Kafka
Kafka¶
Knox provides gateway functionality to Kafka when used with the Confluent Kafka REST Proxy. The Kafka REST APIs allow the user to view the status of the cluster, perform administrative actions and produce messages.
Note: Consumption of messages via Knox at this time is not supported.
The docs for the Confluent Kafka REST Proxy can be found here: http://docs.confluent.io/current/kafka-rest/docs/index.html
To enable this functionality, a topology file needs to have the following configuration:
<service>
<role>KAFKA</role>
<url>http://<kafka-rest-host>:<kafka-rest-port></url>
</service>
The default Kafka REST Proxy port is 8082. If it is configured to some other port, that configuration can be found in
kafka-rest.properties
under the property listeners
.
Kafka URL Mapping¶
For Kafka URLs, the mapping of Knox Gateway accessible URLs to direct Kafka URLs is the following.
| ------- | ------------------------------------------------------------------------------------- |
| Gateway | https://{gateway-host}:{gateway-port}/{gateway-path}/{cluster-name}/kafka
|
| Cluster | http://{kakfa-rest-host}:{kafka-rest-port}}
|
Kafka Examples via cURL¶
Some of the various calls that can be made and examples using curl are listed below.
# 0. Getting topic info
curl -ikv -u guest:guest-password -X GET 'https://localhost:8443/gateway/sandbox/kafka/topics'
# 1. Publish message to topic
curl -ikv -u guest:guest-password -X POST 'https://localhost:8443/gateway/sandbox/kafka/topics/TOPIC1' -H 'Content-Type: application/vnd.kafka.json.v2+json' -H 'Accept: application/vnd.kafka.v2+json' --data '"records":[{"value":{"foo":"bar"}}]}'
Kafka HA¶
Knox provides basic failover functionality for calls made to Kafka. Since the Confluent Kafka REST Proxy does not register itself with ZooKeeper, the HA component looks in ZooKeeper for instances of Kafka and then performs a light weight ping for the presence of the REST Proxy on the same hosts. As such the Kafka REST Proxy must be installed on the same host as Kafka. The user should not supply URLs in the service definition.
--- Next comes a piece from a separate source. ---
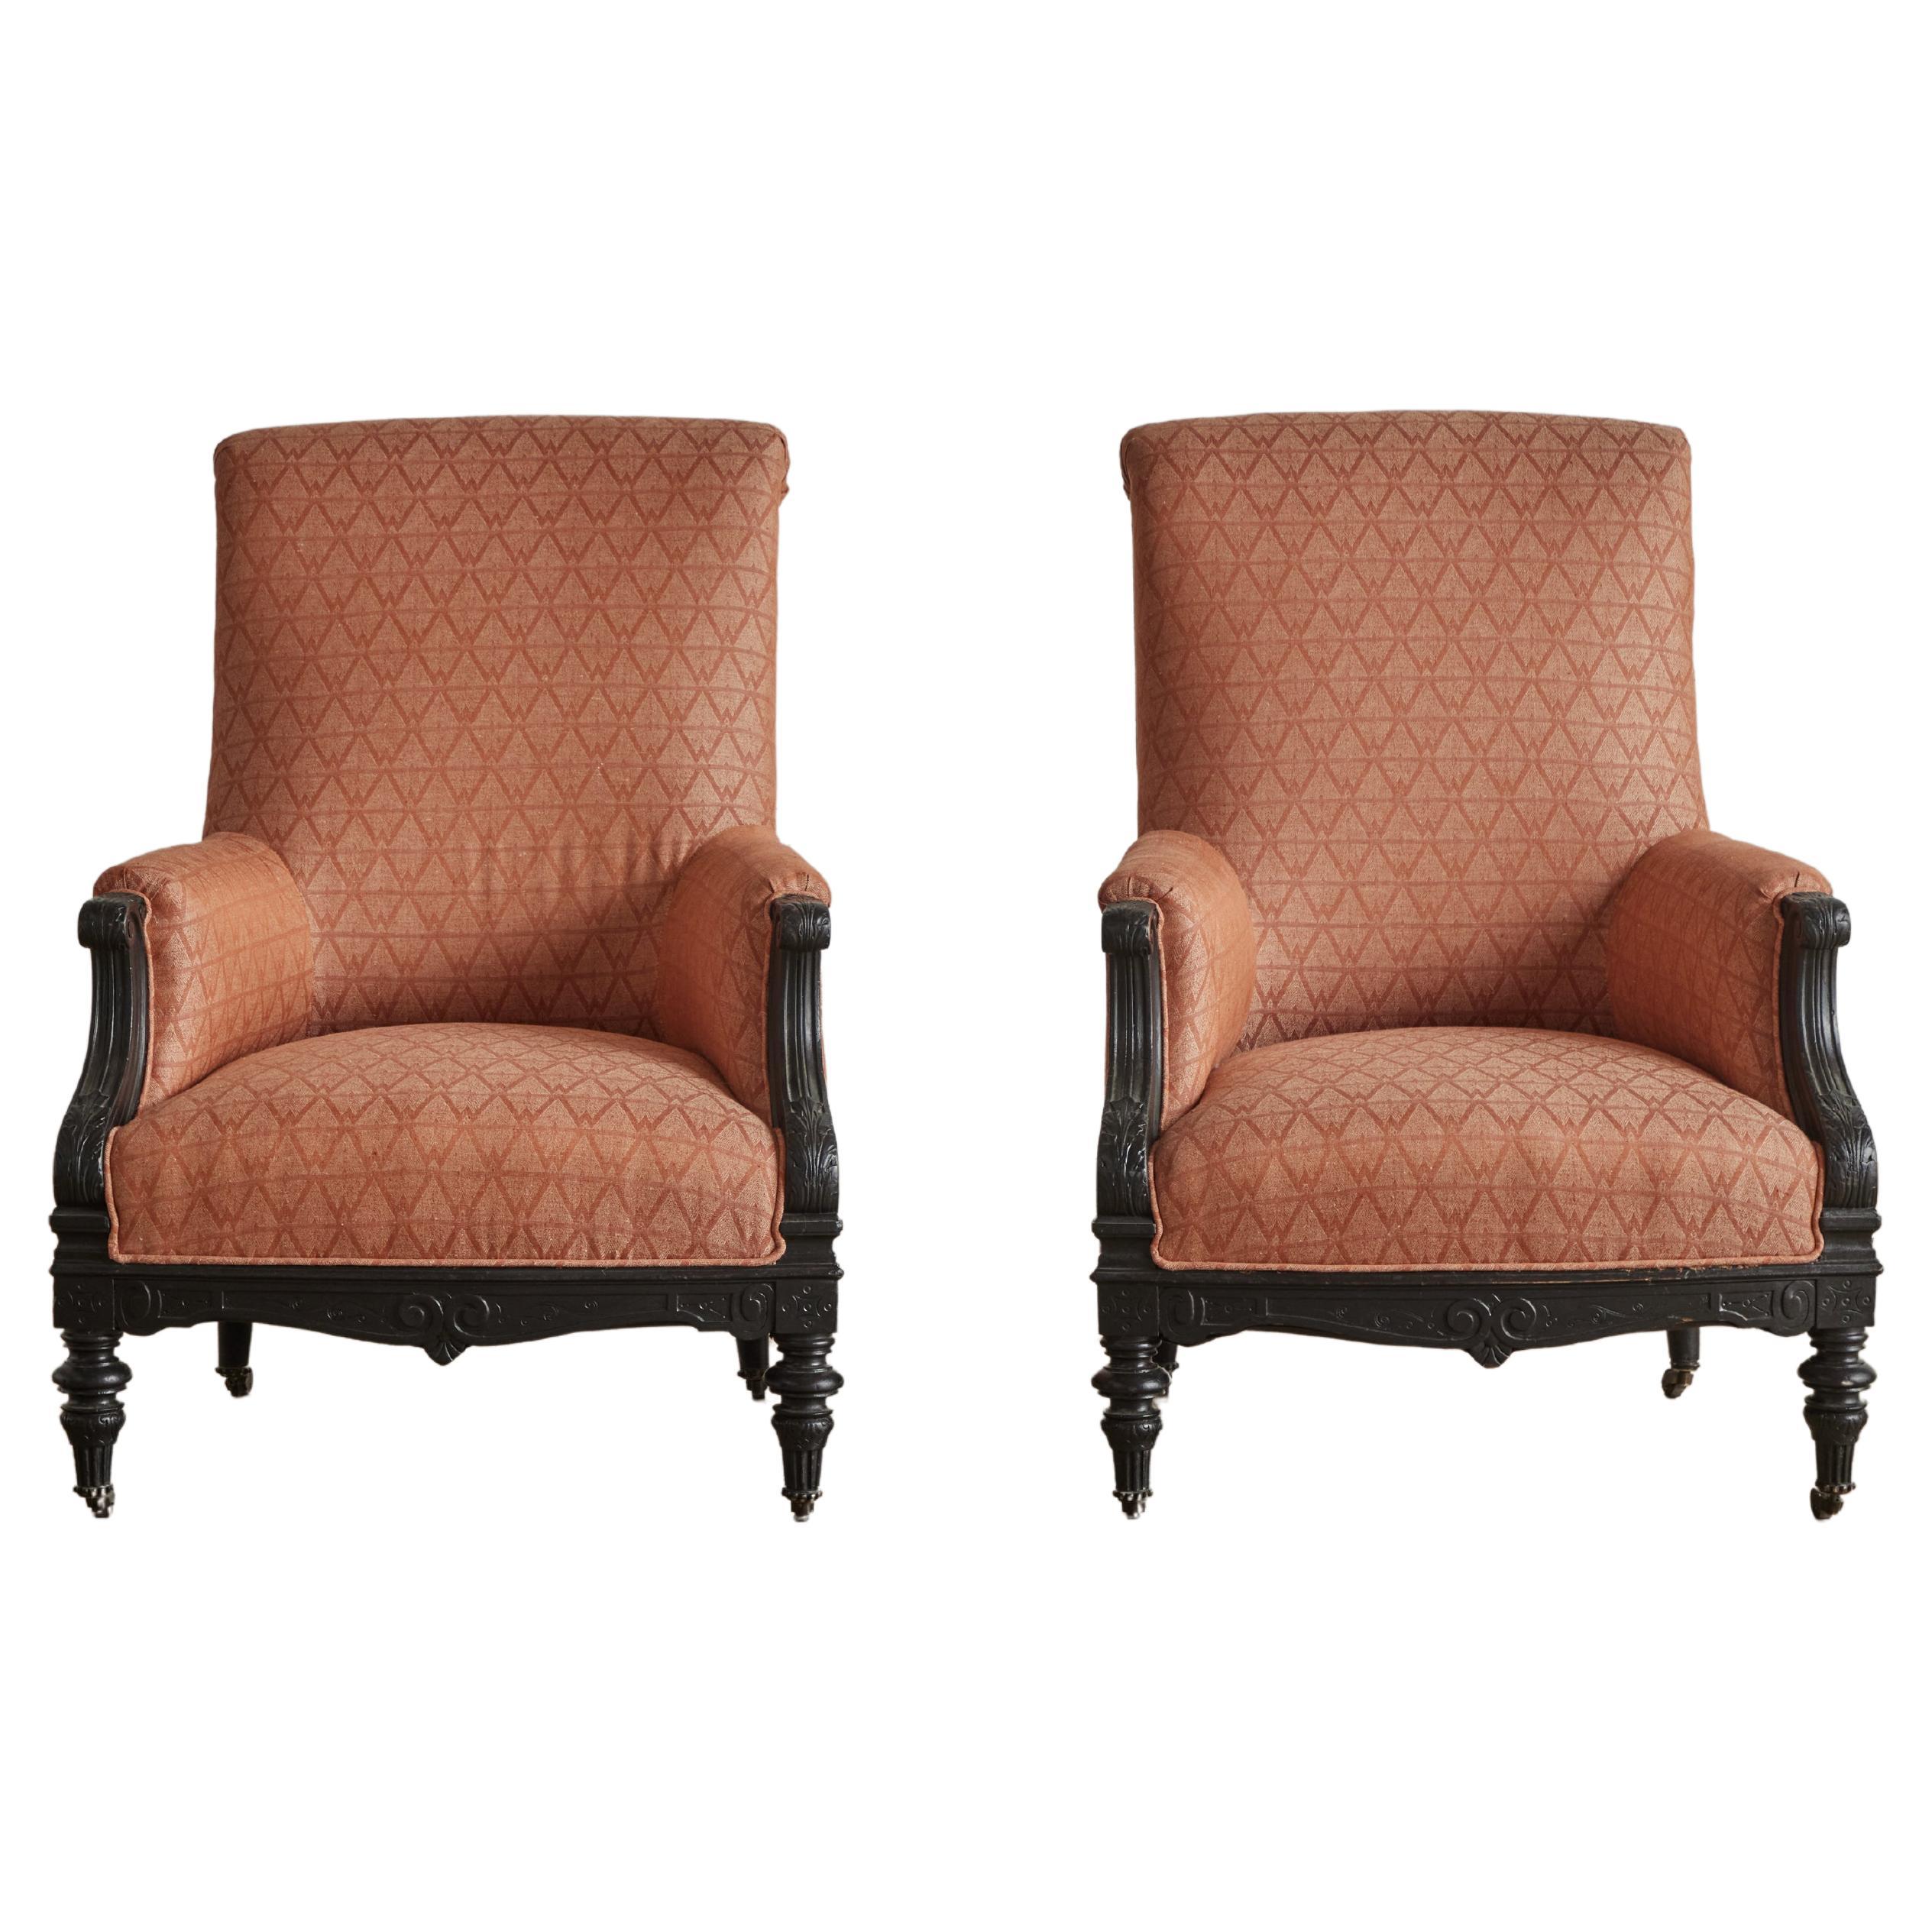 Pair of 19th Century Arm Chairs For Sale

Note: Users of Ambari must manually startup the Confluent Kafka REST Proxy.
To enable HA functionality for Kafka in Knox the following configuration has to be added to the topology file.
<provider>
<role>ha</role>
<name>HaProvider</name>
<enabled>true</enabled>
<param>
<name>KAFKA</name>
<value>maxFailoverAttempts=3;failoverSleep=1000;enabled=true;zookeeperEnsemble=machine1:2181,machine2:2181,machine3:2181</value>
</param>
</provider>
The role and name of the provider above must be as shown. The name in the 'param' section must match that of the service role name that is being configured for HA and the value in the 'param' section is the configuration for that particular service in HA mode. In this case the name is 'KAFKA'.
The various configuration parameters are described below:
-
maxFailoverAttempts - This is the maximum number of times a failover will be attempted. The failover strategy at this time is very simplistic in that the next URL in the list of URLs provided for the service is used and the one that failed is put at the bottom of the list. If the list is exhausted and the maximum number of attempts is not reached then the first URL will be tried again after the list is fetched again from Zookeeper (a refresh of the list is done at this point)
-
failoverSleep - The amount of time in millis that the process will wait or sleep before attempting to failover.
-
enabled - Flag to turn the particular service on or off for HA.
-
zookeeperEnsemble - A comma separated list of host names (or IP addresses) of the ZooKeeper hosts that consist of the ensemble that the Kafka servers register their information with.
And for the service configuration itself the URLs need NOT be added to the list. For example:
<service>
<role>KAFKA</role>
</service>
Please note that there is no <url>
tag specified here as the URLs for the Kafka servers are obtained from ZooKeeper.